Q: in that case, what is the daughter-in-law’s obligation to her in-laws?

a: The praiseworthy, G-d fearing woman should rather treat her in-laws like a king and queen. Her entire  focus should be on learning their wants and assisting them in every way possible. Should the wife, on the other hand, cause rancor – while the parents  were so yearning for tranquility but received instead misfortune – the wife will be repaid in kind for such misbehavior. [The son-in-law’s obligation were already noted above.]

Q: What if the in-laws are contentious and dictatorial?

a: It is a well known teaching of our Sages (Kiddushin 31a) that one can be wealthy and provide a parent with delicacies such as pheasant, yet nonetheless be destined to Gehinom, if he is resentful and rough in the presentation. On the other hand, the support can be minimal, but if rendered in a pleasant tone and with a respectful demeanor, he is destined to Gan Eiden.

Even if the in-laws are difficult and cantankerous, as if often the case with the elderly, following the mitzvah is only truly accomplished when done with a smile. One who does so, despite the difficulties, will be repaid many times over.

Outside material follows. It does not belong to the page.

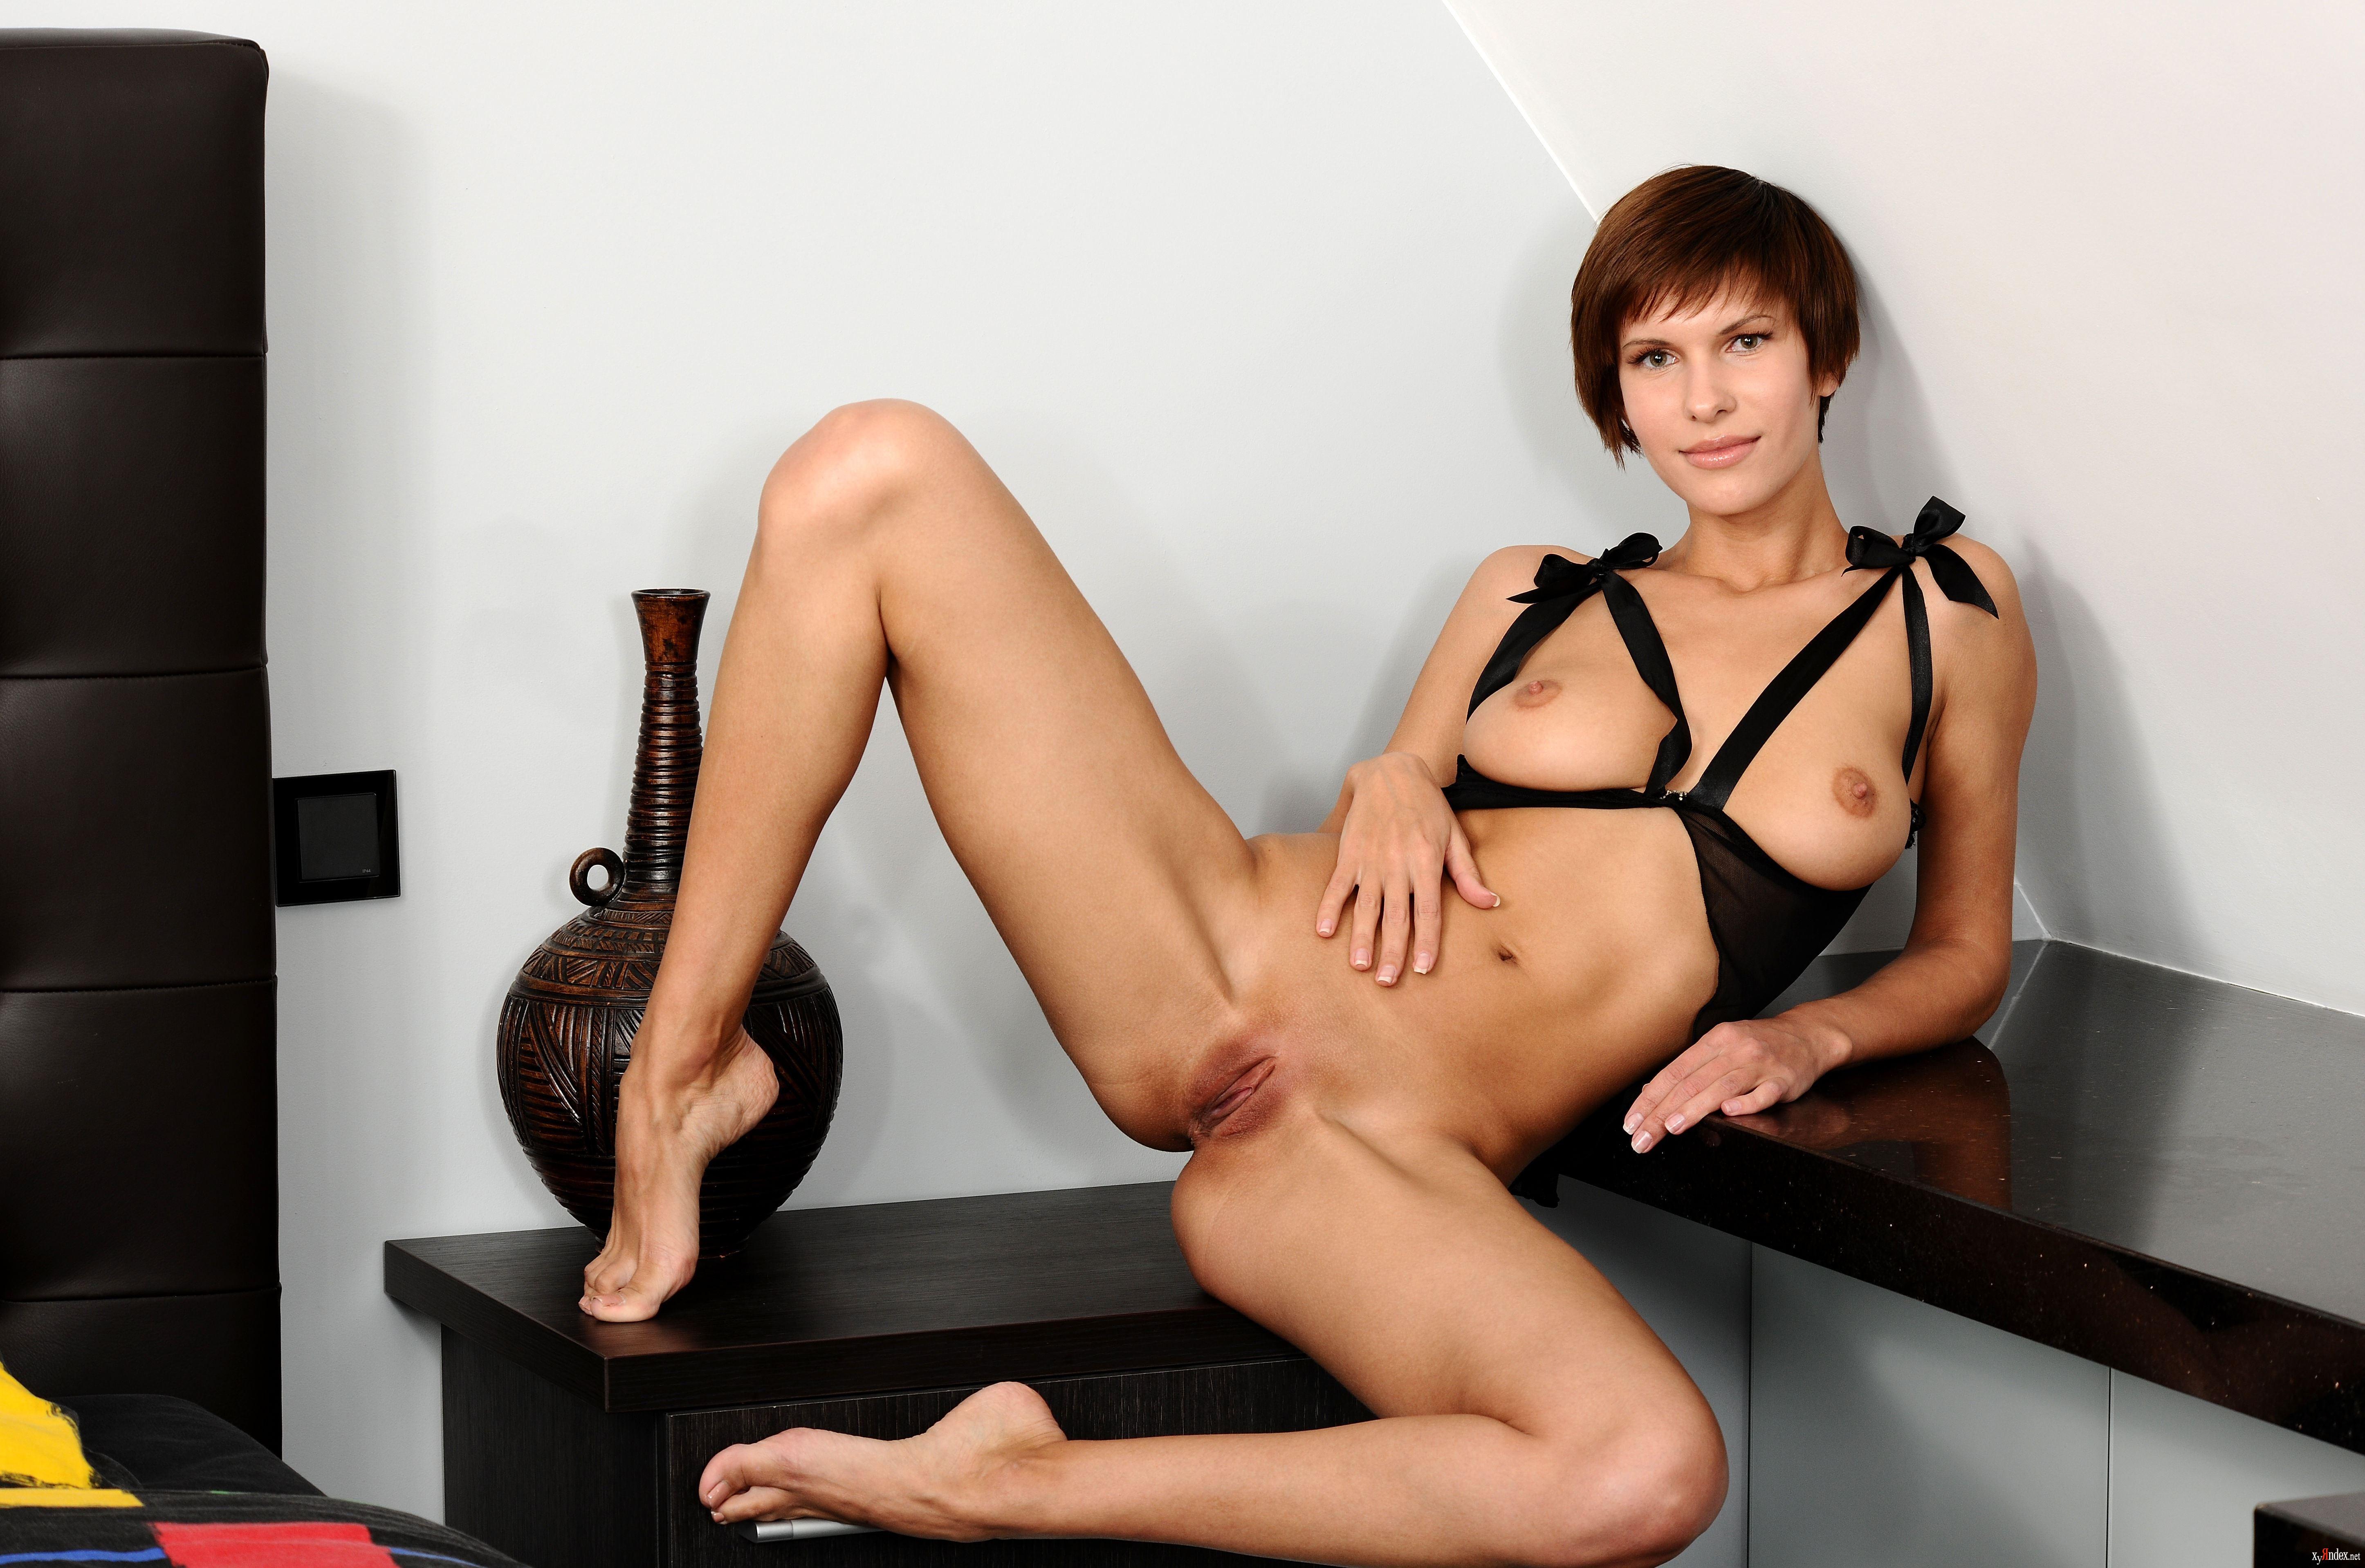 Susana spears porn pics

It is incumbent upon the husband to guide and direct his wife, placing great effort to her being accepting, patient and especially sensitive to his parents. Should  he  observe  that  she  seems  to be disrespectful, takes this obligation lightly, or even if in his view she is in the right, he should reprimand her in deference to his parents. Privately, he needs to appease his wife and maintain shalom bayis.

Q: What are the obligations of the in-laws themselves?

a: We know that true wisdom emanates from our elders. They need to serve as role models of common sense, tolerance and relate calmly to children’s spouse. If there is need to provide them with direction, it should be done privately. They should praise them publicly. Never publicly berate them. Certainly they should not share or reveal their disappointment to their own children, lest their children will come to  despise  their  spouses. Woe onto parents who generate such contentiousness. HKB”H allowed His very name to erased in order to preserve family unity and peace between husband and wife (See Tractate Shabbos 116a: G-d commands that His name become erased and dissolved in water to exonerate the Sota, Numbers 5:23).

It is far better that parents  withstand a thousand instances of being wronged by their child’s spouse than to cause one moment of machlokes between husband and wife.